Someone calling in saying the network is slow is about as useful as the patient telling the doctor she feels sick.
It doesn’t provide you with a specific situation to rectify. It only lets you know that you had better do some testing and diagnosis. And in any case, the problem is unlikely to be what the patient, or the end user, thinks it is.
With a network, for example, the cables didn’t suddenly decide to take it easy and drop their bit rate in half. Rather, the bug could well lie in just about any aspect of the infrastructure. Sometimes it even can be traced back to an uneducated user who didn’t know that downloading an innocent-looking piece of spyware would slow down his computer because it keeps banging away at the firewall trying to find a route out.
”If the lights dim, people would say it’s the network,” says Al Hofmann, Director of network services for Hartford Hospital, Conn.’s largest hospital with 45 buildings connected on its main campus LAN, and nearly 100 remote facilities linked up via ATM, frame relay, ISDN and VPNs. ”But when you have a Gigabit network, nine times out of 10, it is the peripheral, not the network.”
No, the problem isn’t always the network, but that doesn’t absolve network administrators from having to shoulder the task of determining where the true cause lies.
Once Hoffman put a network management system in place, he could just point others to a screen showing that the network was working just fine so they could start looking elsewhere. He estimates that this has cut the number of unnecessary calls by two-thirds.
”We don’t have to do a lot of detective work to convince people anymore that it is not a network problem,” he says. ”I don’t have to do the convincing as the tool does it for us.”
Negotiating a Connection
Network management systems, of course, are useful for more than deflecting the blame.
There are times when there is a problem with the network and it is a matter of learning to read the symptoms — utilization (bits in and out), response time in milliseconds or uptime of applications, servers, routers and switches. These things point you toward the area of the problem, but not necessarily to its cause. The next step is to dig into the logs and see what types of errors are cropping up.
Take the example of mismatches on a 10/100Mb Ethernet network. When you plug in a device, the switch and the device are supposed to negotiate what speed will be used for the connection. But that doesn’t work 100 percent of the time. And when there is a mismatch in speeds, it starts clogging up the connection.
”When that occurs, whether it is on the switch, the PC or a Unix box, the interface will start logging FCS (Frame Check Sequence) errors,” says Alan Rice, technical services administrator for Manatee County, Fla. ”When you have it on a server, it will seem like it is running slow because of the large number of retries. The end users will start reporting the network is slow when it is really just a mismatch on the server and switch.”
Rice says that in order to address this problem, he set up reports on his network management systems — WebNM from Somix Technologies, Inc. out of Sanford, ME — to monitor for FCS errors. He has a total of about 6,000 reports set up in the system, half of them for port utilization and the rest for FCS errors. He also uses his log management software to track FCS error entries. When these errors exceed a threshold, the log manager issues an alert that there is a duplex mismatch on the network.
”This allows us to be proactive and resolve it before the end users notice there is a problem,” says Rice. ”We can either force the switch and PC to operate at the same speed, or we can reboot and let the devices renegotiate the connection.”
Tracking Down the Device
FCS is just one of many performance aspects you can grab and analyze with a network and log management system. The exact items monitored will depend on the system architecture and what ”pain points” the organization has. You can monitor every aspect of every device, but this will be more cumbersome than taking a more focused approach.
Instead, take the management aspects that are consuming the most time and automate those.

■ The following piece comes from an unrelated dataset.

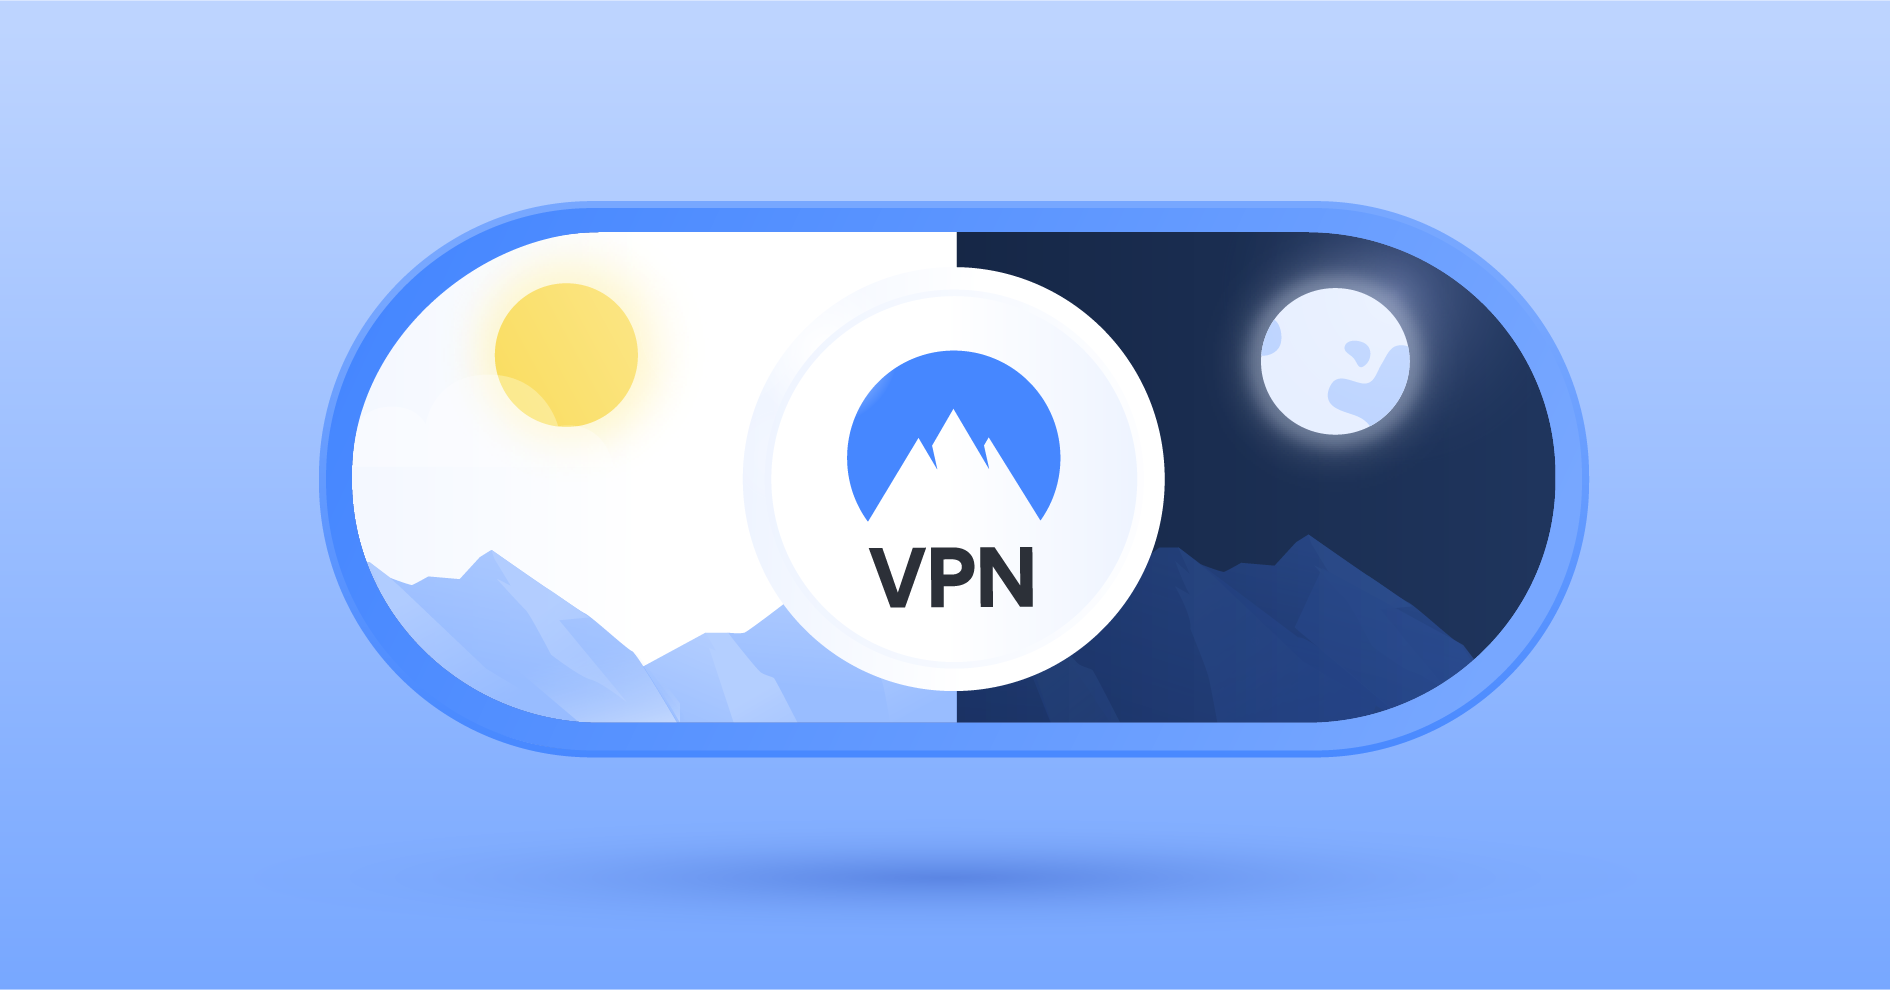 Should I leave Google VPN on all the time?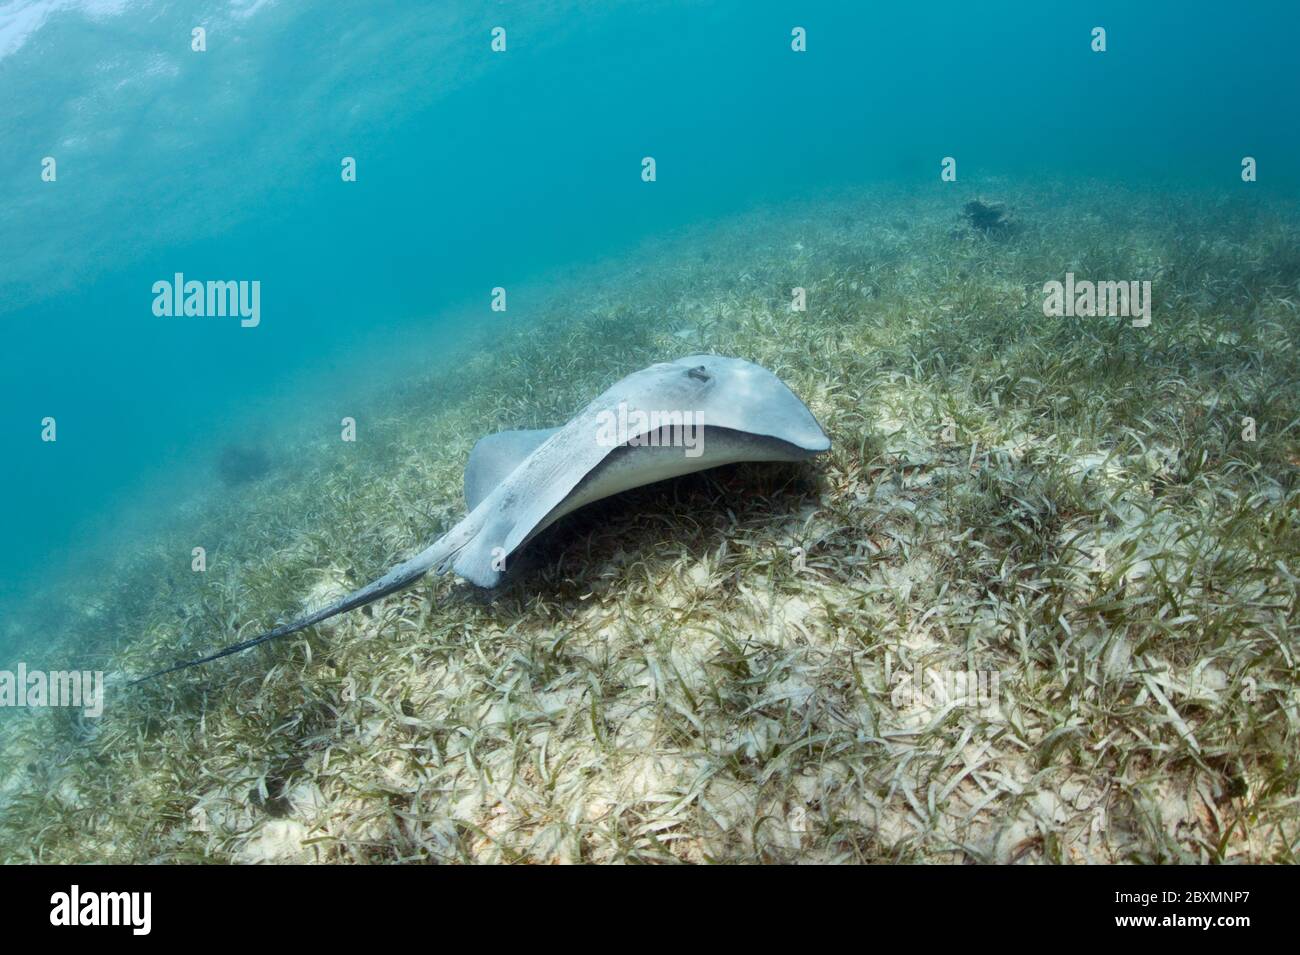 Le staingray de queue de baleine des Caraïbes (Styracula schmardae) nage au-dessus de l'herbe de mer à la barrière de corail du Belize. Banque D'Images

For servers, switches, routers and hubs, you can activate Simple Network Management Protocol (SNMP) and Remote Monitoring (RMON).
For desktops and servers, keeping an eye out for Self-Monitoring, Analysis and Reporting Technology (S.M.A.R.T.) alerts will let you backup a hard disk and re-route the traffic before the drive crashes.
For external connections, monitoring Forward Explicit Congestion Notices (FECN) and Backward Explicit Congestion Notices (BECN) lets you know when packets are failing to make it through the line.
Firewalls and intrusion detection systems can alert you to attacks on the system, so you can shut down a port or device before it infects other parts of the network.
Having these reports and alerts doesn’t always tell what is wrong with the network, but it does tell you where to start looking and that cuts down repair time.
David Rosicki, Hartford Hospital’s network engineer, tells of how users at one remote site complained that their T-1 connection was slow. But the performance graphs showed that the traffic was peaking at 500 Kbps, well below its 1.544 Mbps capacity.
So, instead of trying to debug the network, they sent an analyst to the location to do a packet analysis and traced it down to a workstation taking too long to write the data. Another time, however, when the hospital replaced a stand alone Digital Service Unit — a device which connects a serial line to a frame relay — with a rack mount from the same vendor, they found that the throughput did drop, so they replaced the defective device.
”With the graphing capability you can really tie down where the problem lies,” says Rosicki.